Taobao's big data road

Source: Internet
Author: User
Tags big data data synchronization data warehouse big data platform data application

Since 2003, Taobao has developed rapidly since the beginning of the year. After 13 years of support, the savage growth of the Taobao business is behind a continuous improvement of the technology platform. The Taobao big data platform is a very important part of it. Data , processing, data application responsibilities, Taobao big data platform all the way to today, a total of three major stages, different stages face different challenges, with my understanding back to these The story that big data has experienced.


The first stage: RAC era

The single-node ORACLE before 2008, this time can not be called the data warehouse, can only undertake simple data processing work, and basically no data warehouse architecture, with the rapid development of business, soon single-node ORACLE due to no expansion Ability to calculate storage capacity can not cope.

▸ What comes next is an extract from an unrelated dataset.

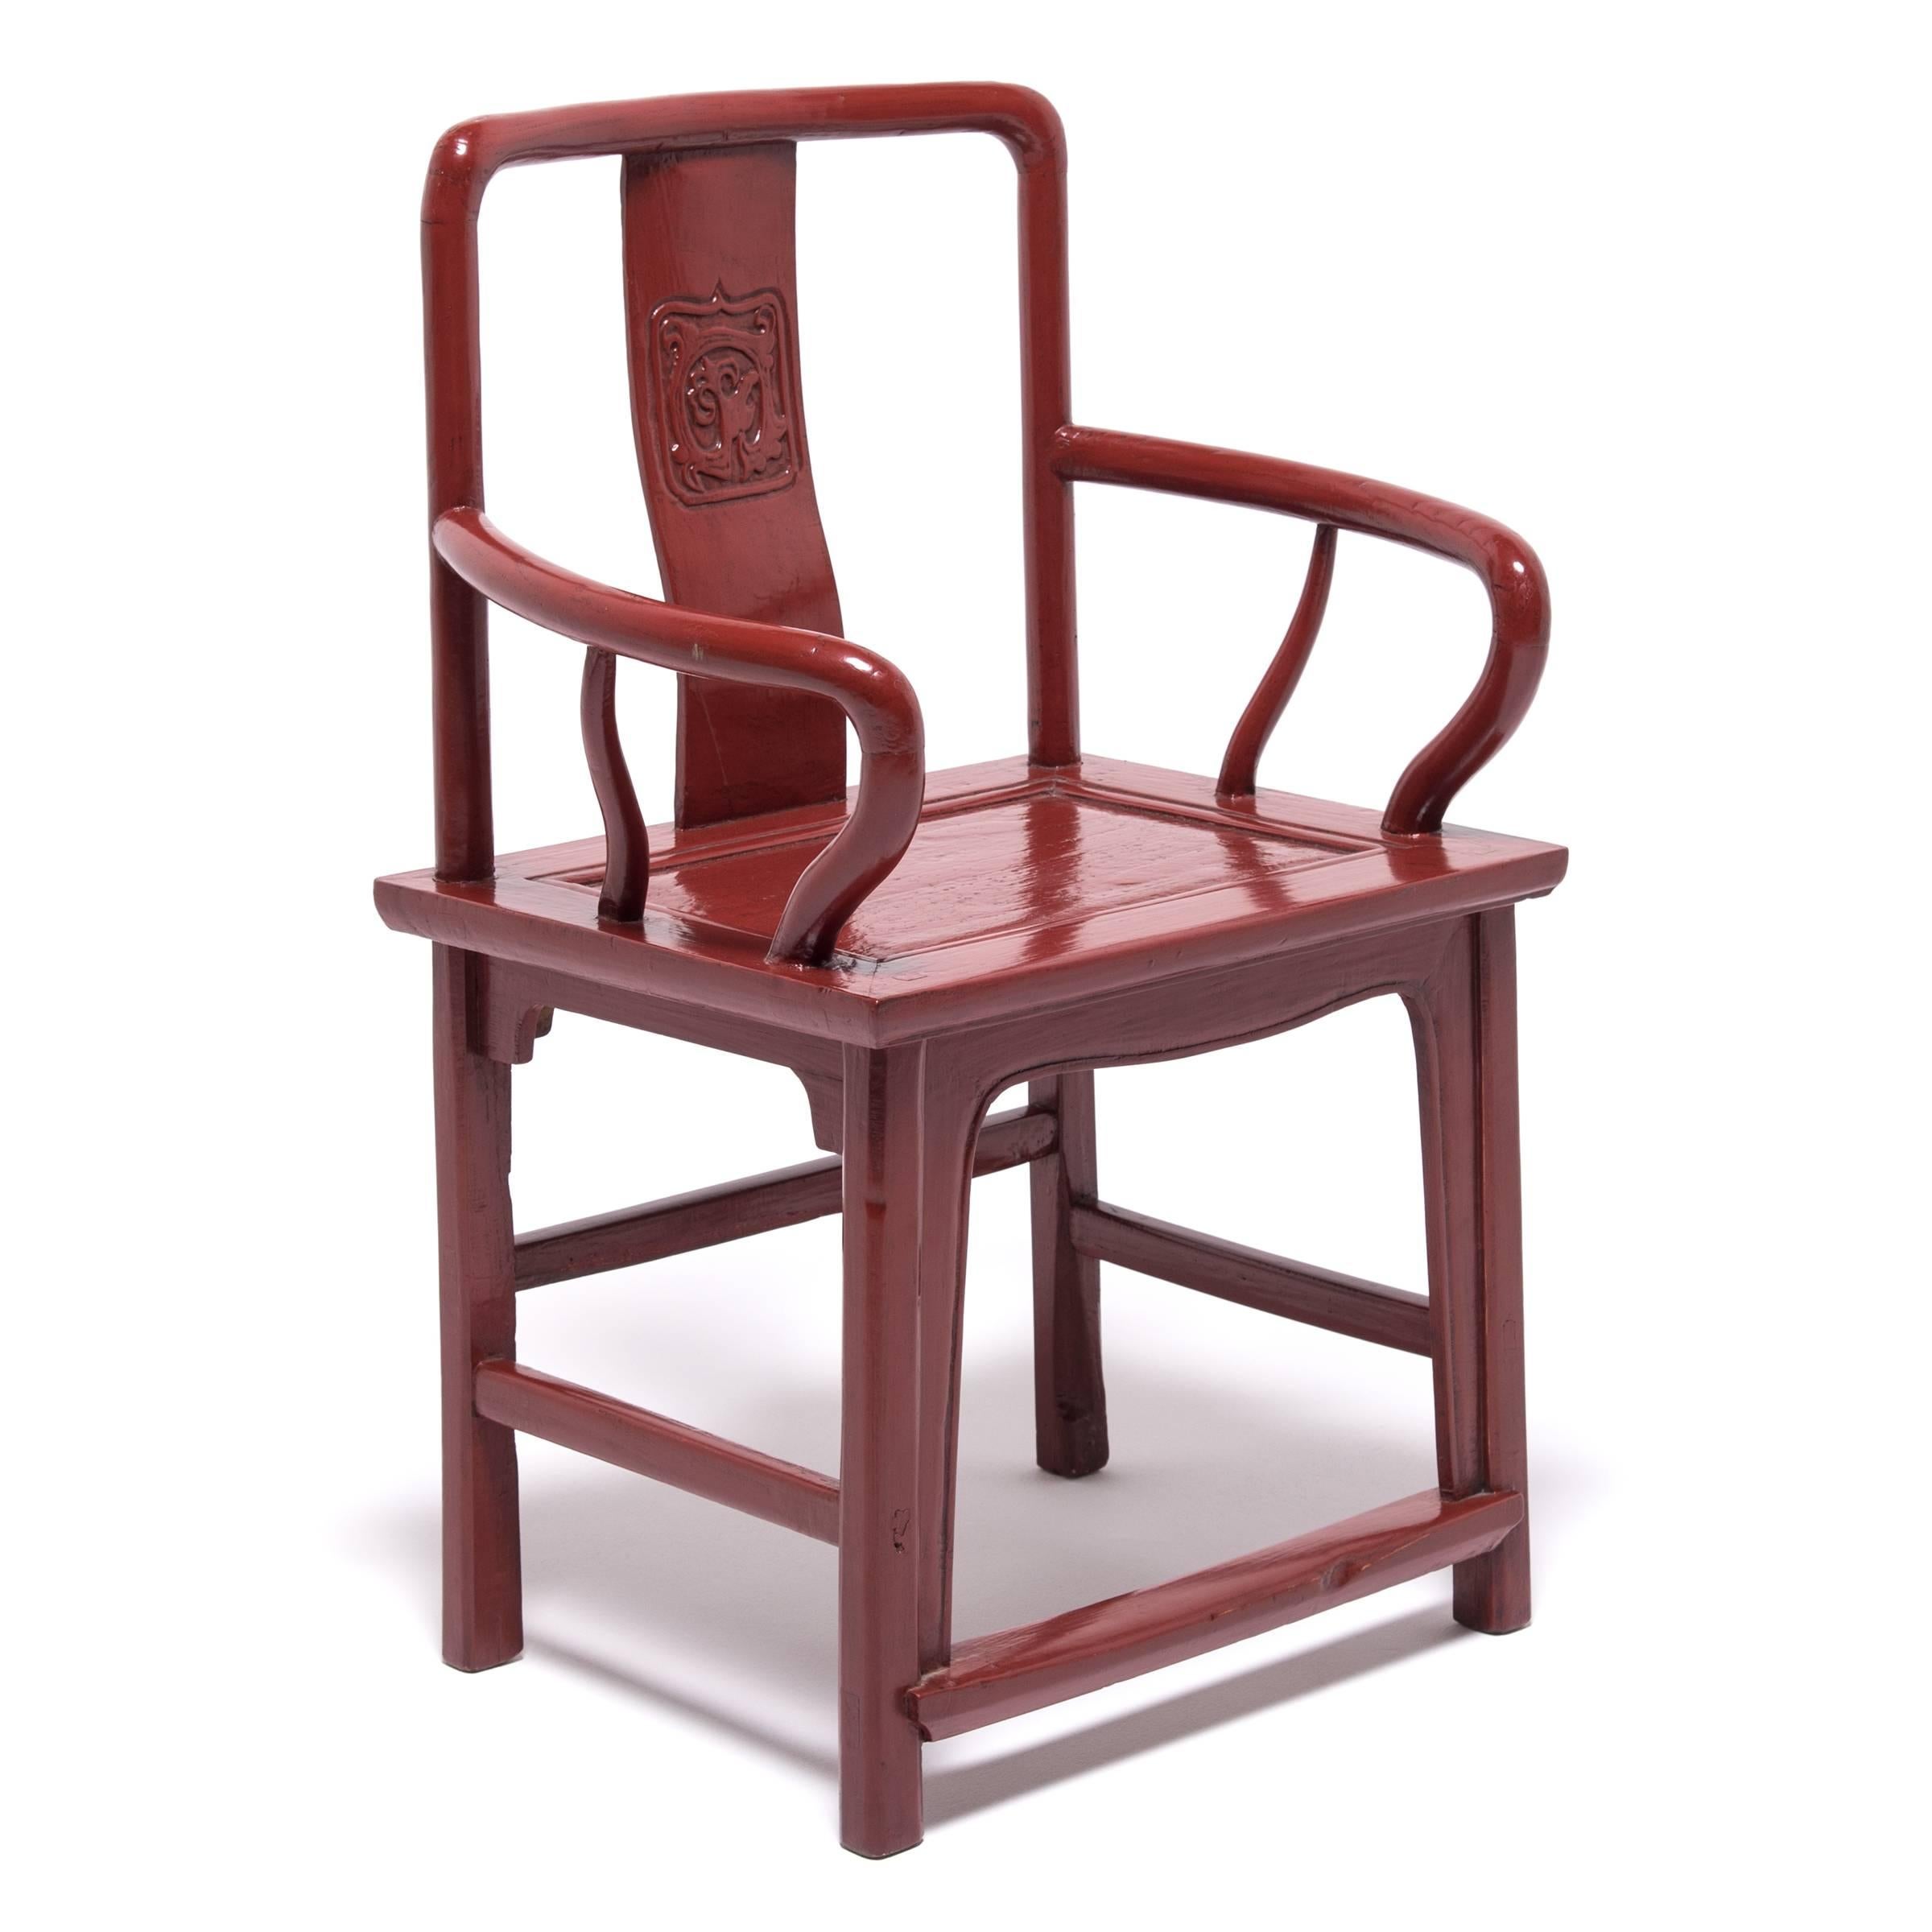 Chinese Red Lacquer Official's Chair, c. 1900 In Good Condition For Sale In Chicago, IL

After 2008, in order to cope with the increasing amount of data, RAC cluster came into being, gradually developed from the first four nodes to 20 nodes, becoming the world's largest RAC cluster at that time, also used as a classic case on the ORACLE official website. At the time, the RAC cluster performed very well in terms of stability, security, storage capacity, and computing power, and the first-generation data warehouse architecture was gradually formed.

The ETL process of data at this stage is mainly realized by the ORACLE stored procedure. A large number of SQL script tasks run on the cluster. The scheduling process of the task run is controlled and managed by Crontab. As the number of tasks continues to grow, the largest face is encountered. The problem is how to ensure that these thousands of scripts are running normally every day. How to find out the solution in time after the error, which was plagued by development every day, and has been in the state of daily firefighting, that is, at this time, in order to solve this problem, the data team Started the independent research and development of the dispatching system, and named it the Skynet dispatching system, forming the architecture and prototype of the following first-generation dispatching system.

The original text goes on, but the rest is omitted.